NARDO' - Che la sanità sia in ginocchio è sotto gli occhi di tutti. Questo stato di cose si può correggere col buonsenso, almeno per il minimo vitale, anche se pare siano in atto dinamiche complesse, anche interne alla stessa sanità locale, perché l'ospedale chiuda davvero in toto e senza appello. Intanto il day hospital oncologico del San Giuseppe - Sambiasi non chiude più per ora perché ci sono state diverse reazioni dopo la notizia che il dottor Giovanni Santacroce sarebbe stato trasferito a Gallipoli con contestuale sospensione delle chemioterapie. Leggete per il seguito.
Proteste dei pazienti, collasso del reparto di Gallipoli, immediata reazione dell'Amministrazione comunale con il sindaco Risi e il consigliere Rocco Luci che si sono mossi per scongiurare l'evento chiedendo alla direzione della Asl di Lecce di soprassedere.

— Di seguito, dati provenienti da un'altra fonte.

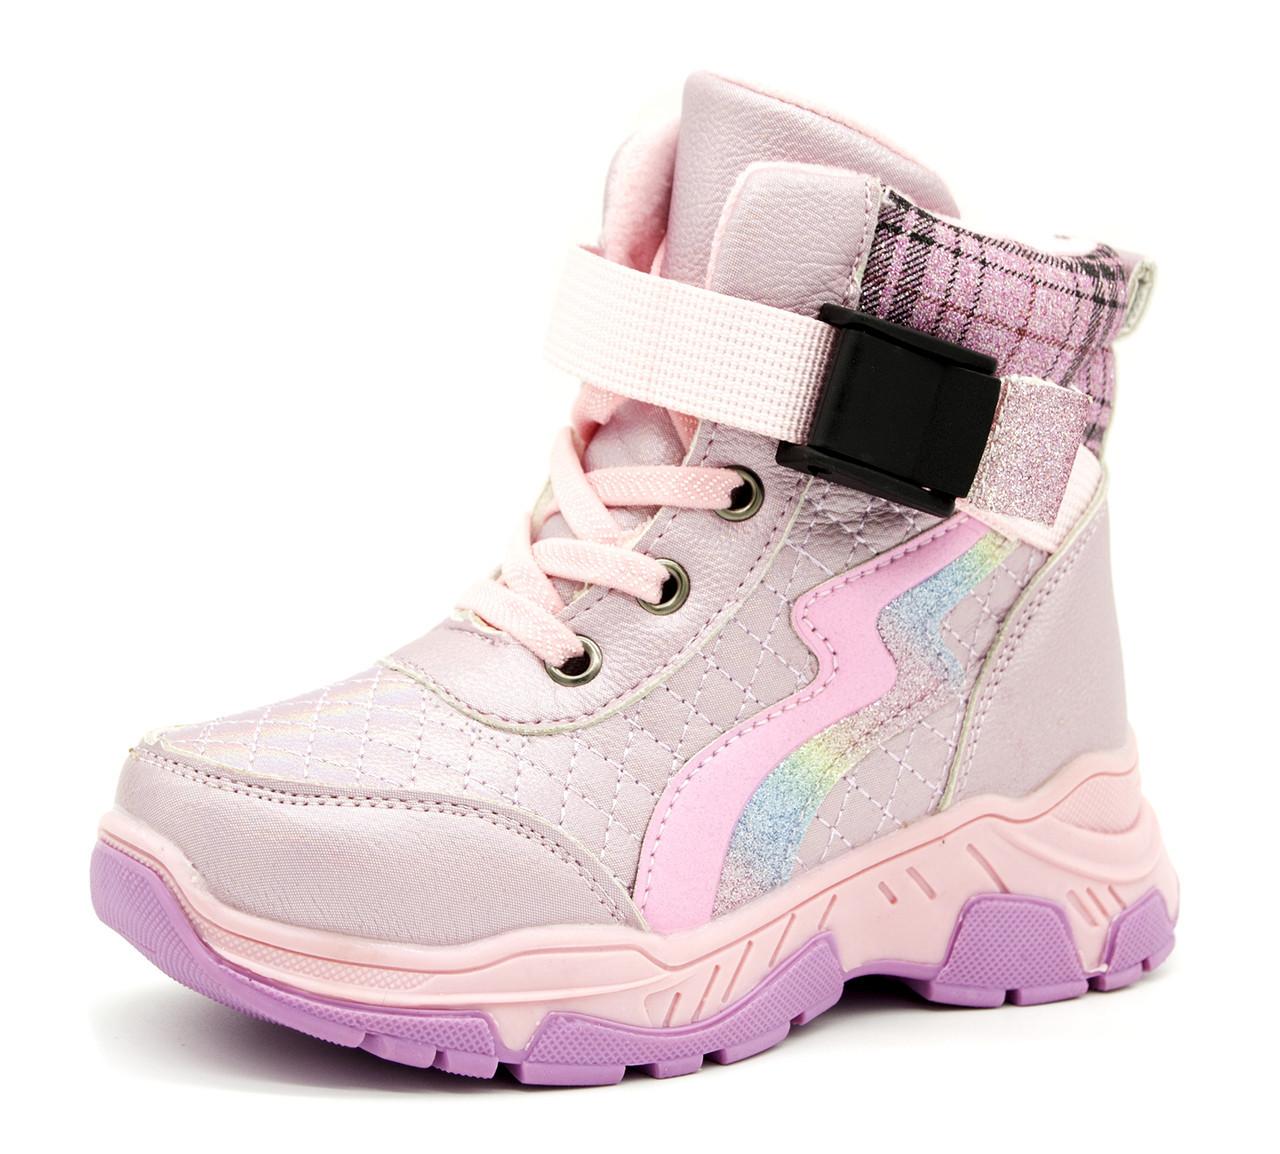 Демисезонные ботинки для девочки Розовые Размер - 28

Ciò si è verificato, la Asl ha riscontrato le difficoltà dei pazienti e dei reparti ed il dottor Santacroce è stato raggiunto di un nuovo ordine di servizio con il quale può rimanere a Nardò fino al reintegro di un medico in Medicina. Dopo Pasqua verrà riunito un tavolo tecnico per la revisione della delibera originaria con la quale il day hospital veniva, di fatto, smantellato ma, di fatto, non ci sono molti margini perché è il piano per la distribuzione dei reparti oncologici in provincia, noto già dal luglio scorso, a stabilire quanti reparti saranno attivi e che i day hospital devono sparire.
La domanda finale che bisogna farsi è, dunque, solo una: se il day hospital deve essere chiuso e seguire la sorte del reparto di Medicina, che sarà trasferito, perché si prevede la chiusura del servizio da un giorno all'altro - il 28 arriva l'ordine di servizio e il primo aprile è già operativo - e non con un congruo lasso di tempo perché la gente, gli operatori, la politica assimilino la novità e si organizzino di conseguenza?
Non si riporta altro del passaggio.